Оба ленинградца представились
— Старший лейтенант Козырев. Следственный отдел Ленинградского управления КГБ.
— Старший лейтенант Путин. Производил первичный контакт с указанным объектом.
— Так, товарищи, мы в званиях равны, поэтому предлагаю между собой и тем более, во время присутствия объекта общаться по именам. Я — Сергей.
— Петр.
— Владимир.
Старлеи пожали друг другу руки. Ленинградцы немного расслабились, секретность понемногу сходила с их лиц.

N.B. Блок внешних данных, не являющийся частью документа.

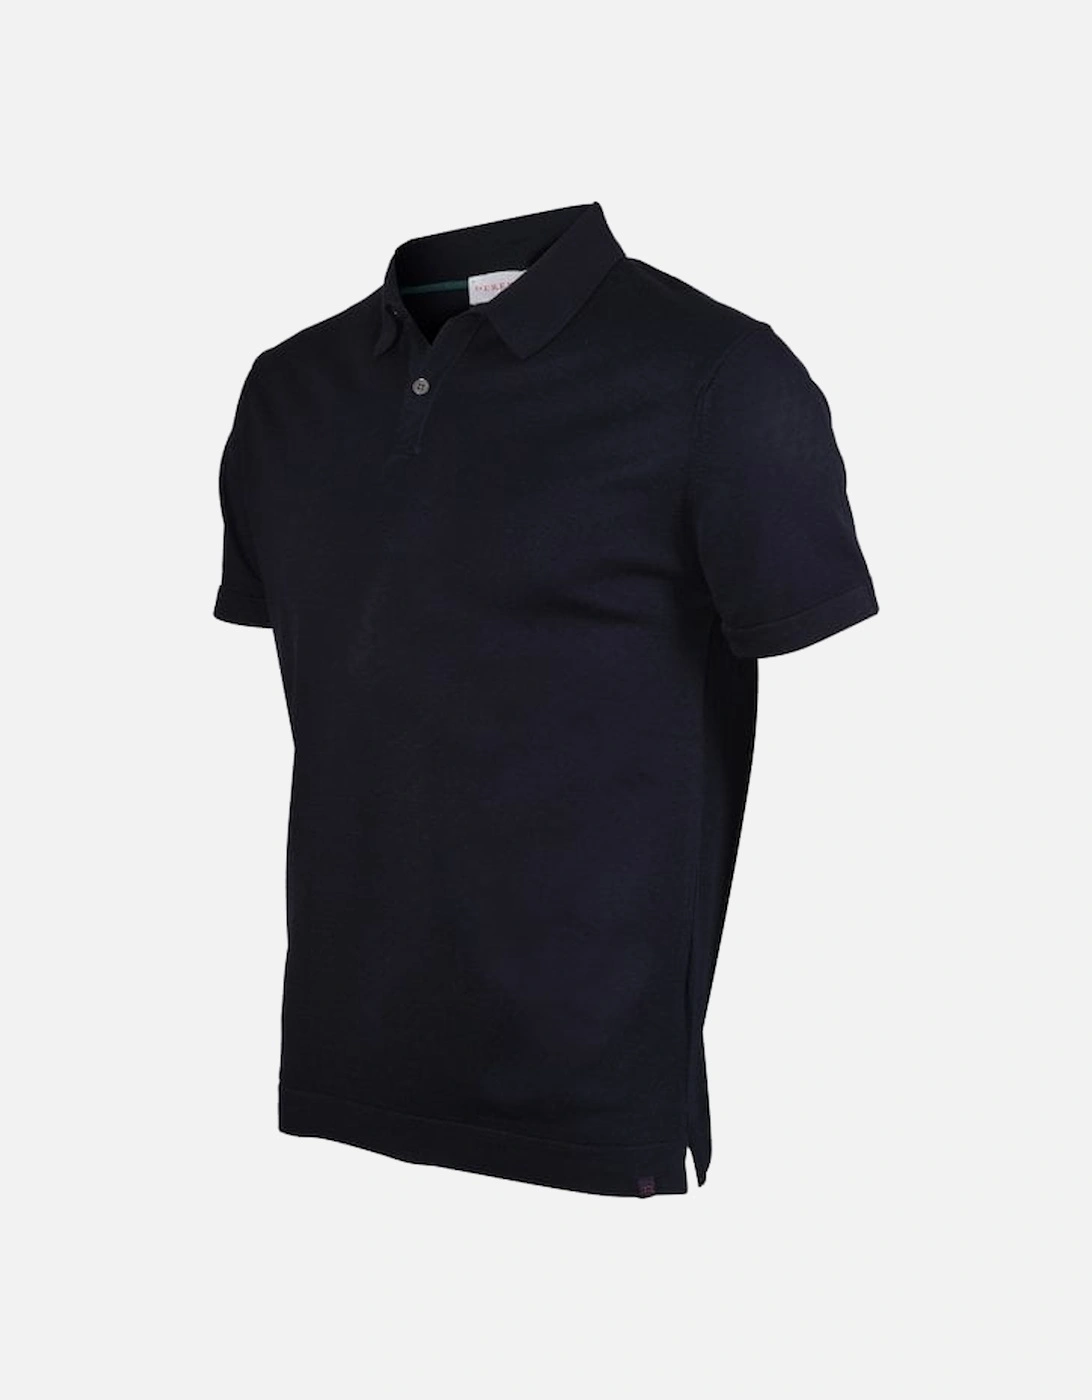 Sea Island Cotton Polo Shirt, Navy

Путин даже улыбнулся — открыто и немного растерянно.
— Володя, что можете рассказать об этом Уткине.
С лица Путина мгновенно сошла улыбка и он стал докладывать. И снова на его лице стала проявляться печать государственной важности.
— Виктор Уткин. Родился в Ленинграде в семье военных. Отец — военный летчик, погиб, выполняя свой интернациональный долг в Анголе, его МиГ был сбит, летчик катапультироваться не успел. Мать — МНС, младший научный сотрудник, Закончила ЛИТМО — Ленинградский институт точной механики, работает в одном закрытом научно-исследовательском институте при Министерстве обороны. Точнее, пока временно не работает, находится на излечении в городской больнице. Кстати, именно этот мальчик. Уткин, добился, чтобы ее поместили на обследование. И врачи нашли онкологию на очень ранней стадии, главврач, с которым я беседовал, сказал, что если бы через полгода мать Уткина поступила на обследование, то уже медицина была бы бессильна.